This is an email that I sent to a number of friends/colleagues who are working in the field of medicine and/or machine learning. I wrote the email based on an abstract that is included at the bottom of this post. I know that the language is very technical in the abstract, but the key issue is that in a specific group of patients, a “brain bleed” was missed by the initial radiologist who interpreted the CT, in 1/2 the cases reviewed.
In the early years of the state of Israel, doctors from around the world came and contributed their knowledge to the well-being of the Israeli people. The overall level of medical technology varied between countries of origin. But the differences were relatively small for doctors from the westernized countries. During the major emigration of Russian Jews, from Russia to Israel, many were physicians.
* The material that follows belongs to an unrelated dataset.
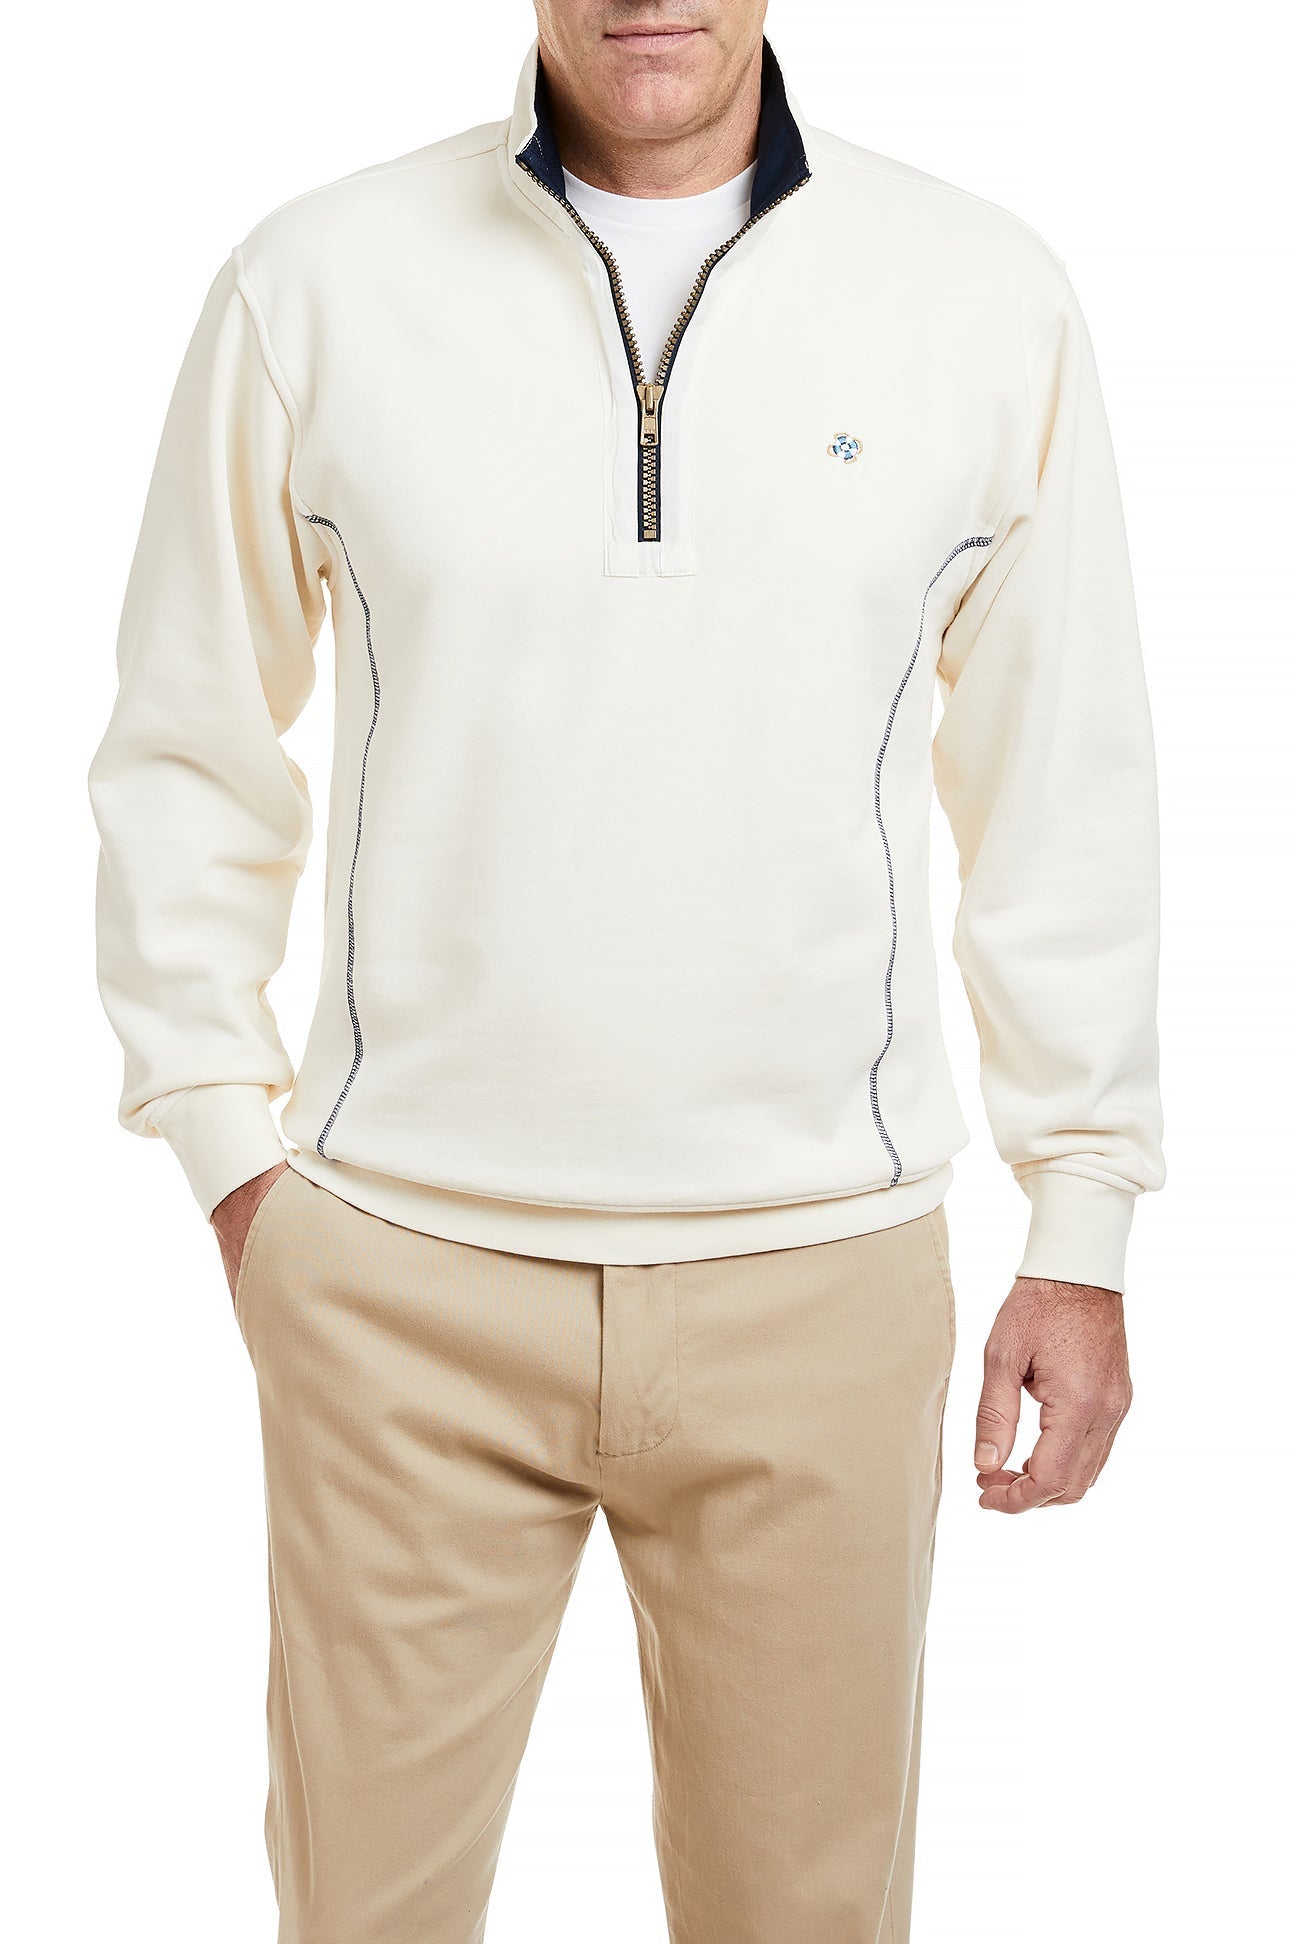 White Quarter-Zip Sweatshirts for Men

But in the 20 years preceding this emigration, westernized technology had taken a huge step forward. One perfect example was that gynecologists in this group of Russian doctors had no experience with ultrasound, because US was considered a military device. The amazing thing about these doctors is how many of them upgraded their skills, in a language they did not initially know, and became a critical part of the health care system in Israel.
In many ways, we are experiencing the same technology gap amongst physicians today. And I am not even talking about integrating machine learning into electronic health records. I consult to a number of startups, and I received a phone call from the CEO of one of them, who was in a bind. He had two specialists on the team of his startup, and they had literally diametrically opposed opinions on the issue at hand. The problem is that they could not point to specific literature that proved their point. More so, they both had the attitude that their experience, as a combination of their personal work and reading, with sufficient to decide on the matter. This is not a question of lacking in knowledge or skills. This is a fundamental problem in the thought process that these doctors have. They still have not adjusted to a new reality where data decides. In ranking quality of research conclusions, personal experience is considered the weakest form. Yet far too many physicians, especially over a given age, still feel that their independent knowledge base and understanding of the literature is sufficient and unchallengeable.
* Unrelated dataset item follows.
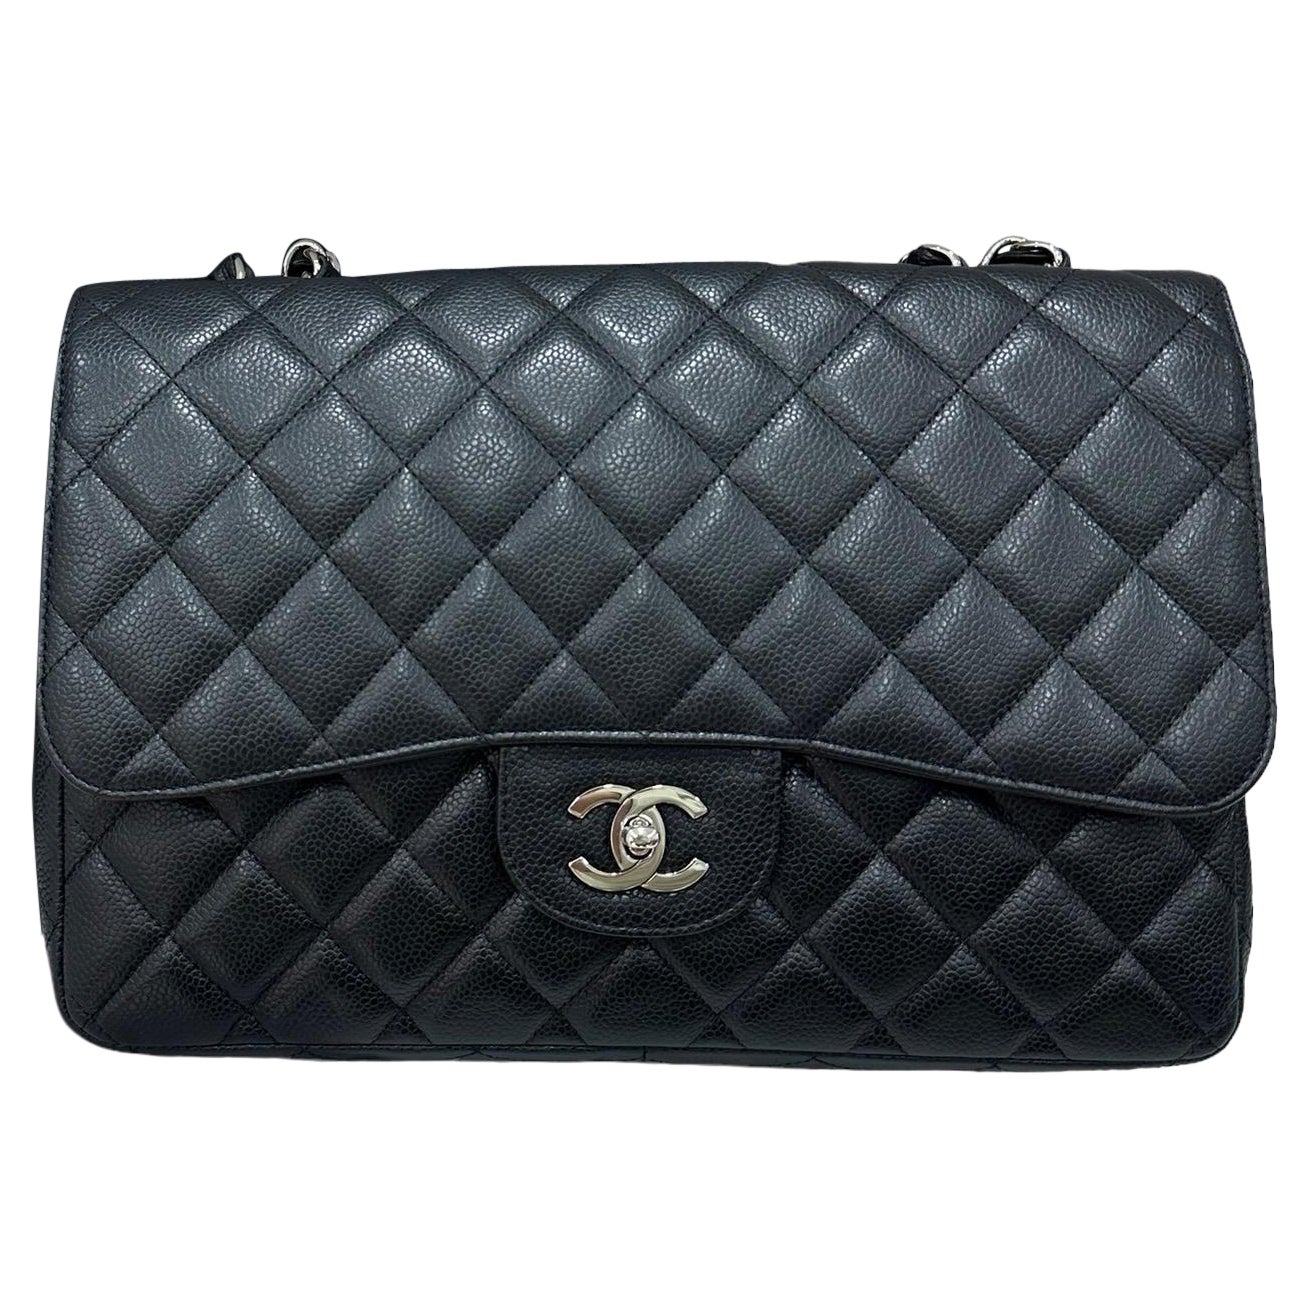 2009 Chanel Jumbo Black Caviar Leather Top Shoulder Bag

When I read an abstract like the one below, it literally hurts my heart. I remember as a medical student, playing with my pet dinosaur, and asking my seniors “how do you know …. ?” And it was incredibly frustrating that, on far too often an occasion, I did not get a valid answer. As time went by, and Google was stolen from Mount Olympus and given to us by Prometheus, I began doing a great deal of reading. And I found myself having basic principles being challenged or negated on a regular basis. I also began to read about the tremendous discrepancy between medical management in different locations. In one hospital, a protocol would state one thing and in another hospital a protocol would state something contrary. I began to appreciate the tremendous amount of human error that was a part of the day-to-day work in medicine. Far too often, I witnessed radiologists arguing over the significance of a finding, or a radiologist arguing with another specialist over the significance of a finding. In the end, the patient was treated, but far from in an ideal fashion.
Human physicians are terrified of the upcoming reality whereby computers will be able to do much of what physicians do, but far better. A doctor who has just graduated medical school is totally unprepared for a reality in 20 to 30 years from now, when computer-based diagnoses will be more often correct than those of humans. No medical school that I am aware of, has a curriculum intended to train doctors to continue studying every day, and to be constantly upgrading their skills and adjusting to new technologies. This particular abstract below, has to do with a dramatic discrepancy between radiological interpretation of a life critical study. I think there is no question for those who are acquainted with the capabilities of machine learning, that it will only be a machine learning system that generates a reproducible and reliable interpretation of radiological studies. The gold standard will not be the radiologist who has been practicing for 40 years. The gold standard will be [hopefully] the universally standardized computer system that reads all films.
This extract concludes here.